Top of Records provided
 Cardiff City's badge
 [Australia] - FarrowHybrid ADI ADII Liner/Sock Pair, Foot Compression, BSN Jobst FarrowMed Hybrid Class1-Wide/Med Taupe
Bottom of Records provided
Top of Records provided
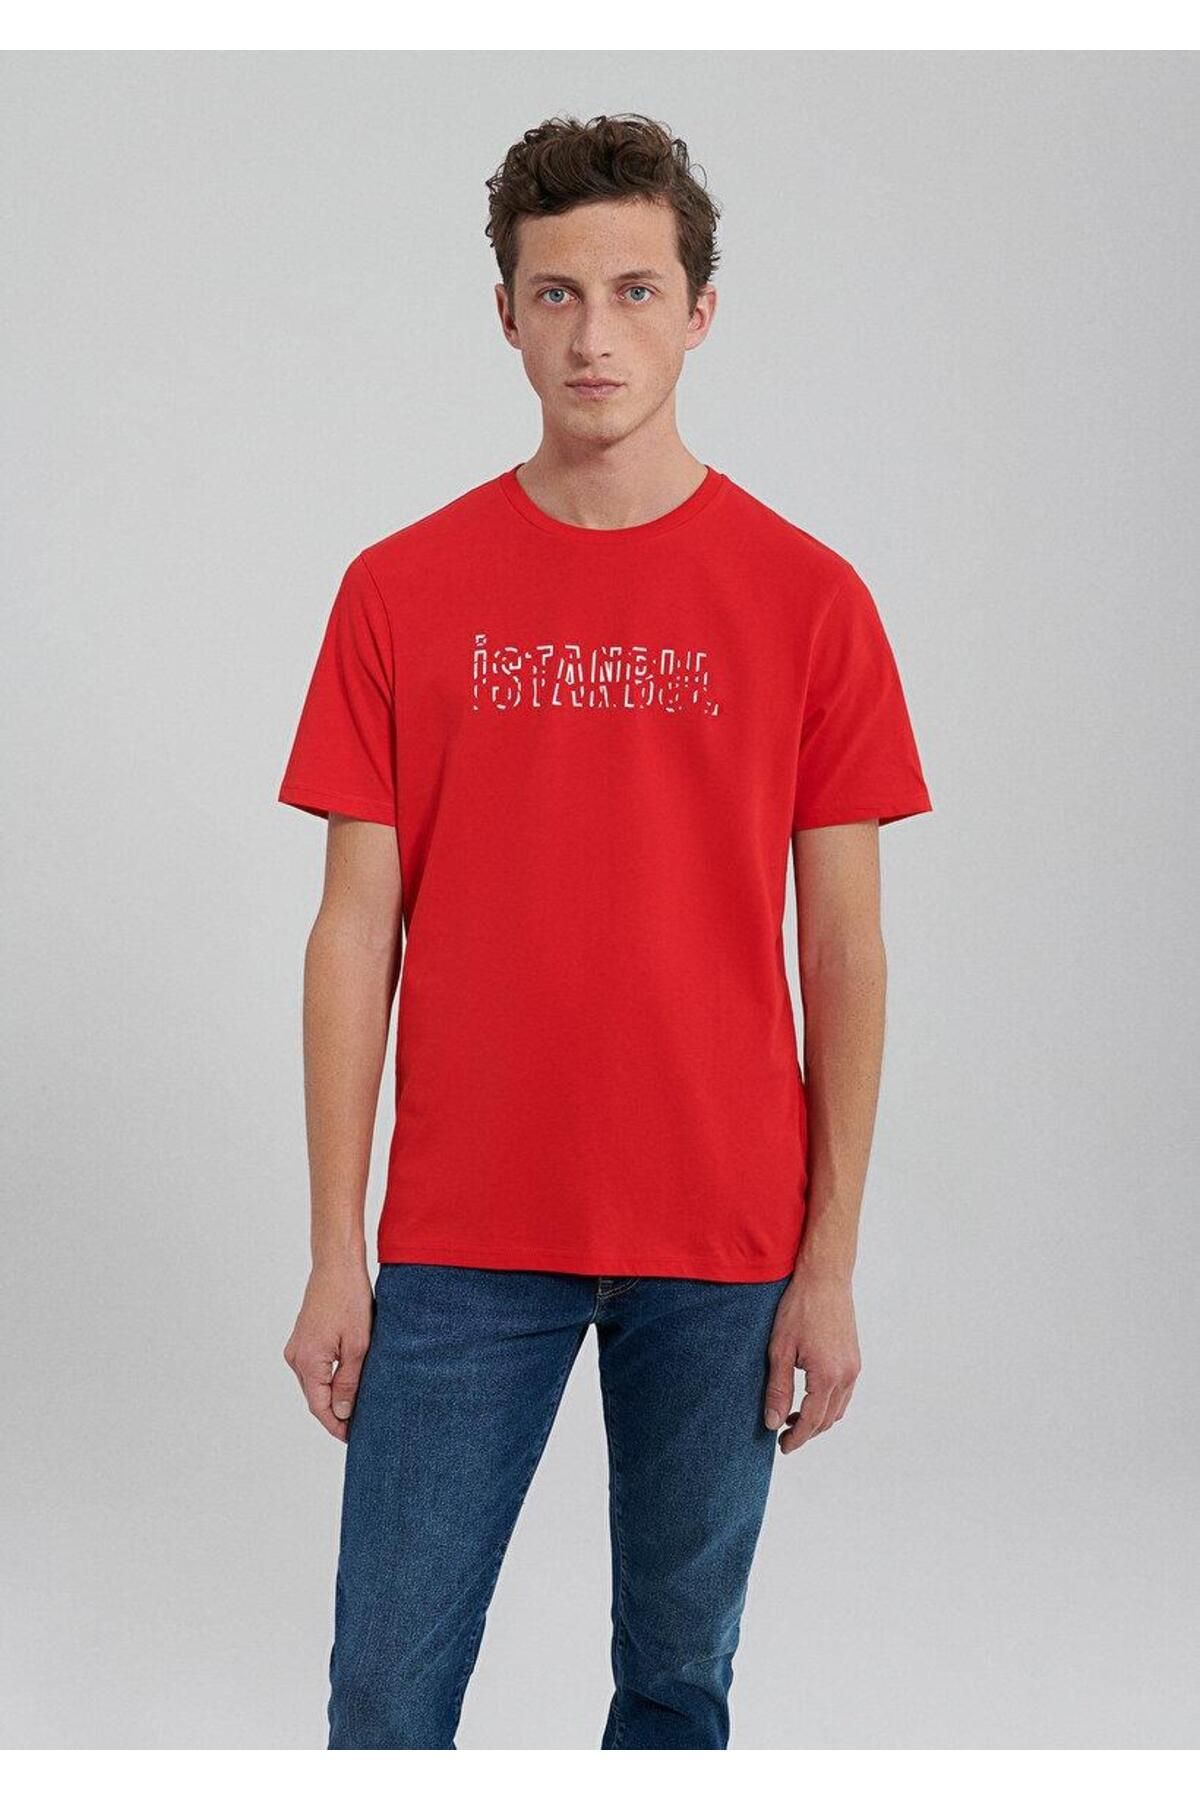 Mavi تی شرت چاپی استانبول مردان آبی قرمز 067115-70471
Bottom of Records provided
▶ _What you will do_: Reproduce exactly, and only, the part of the listing above that begins at the line with "Cardiff City's badge" and goes on through the line with "[Australia] - FarrowHybrid".

▶ _Answer to the problem_:
 Cardiff City's badge
 [Australia] - FarrowHybrid ADI ADII Liner/Sock Pair, Foot Compression, BSN Jobst FarrowMed Hybrid Class1-Wide/Med Taupe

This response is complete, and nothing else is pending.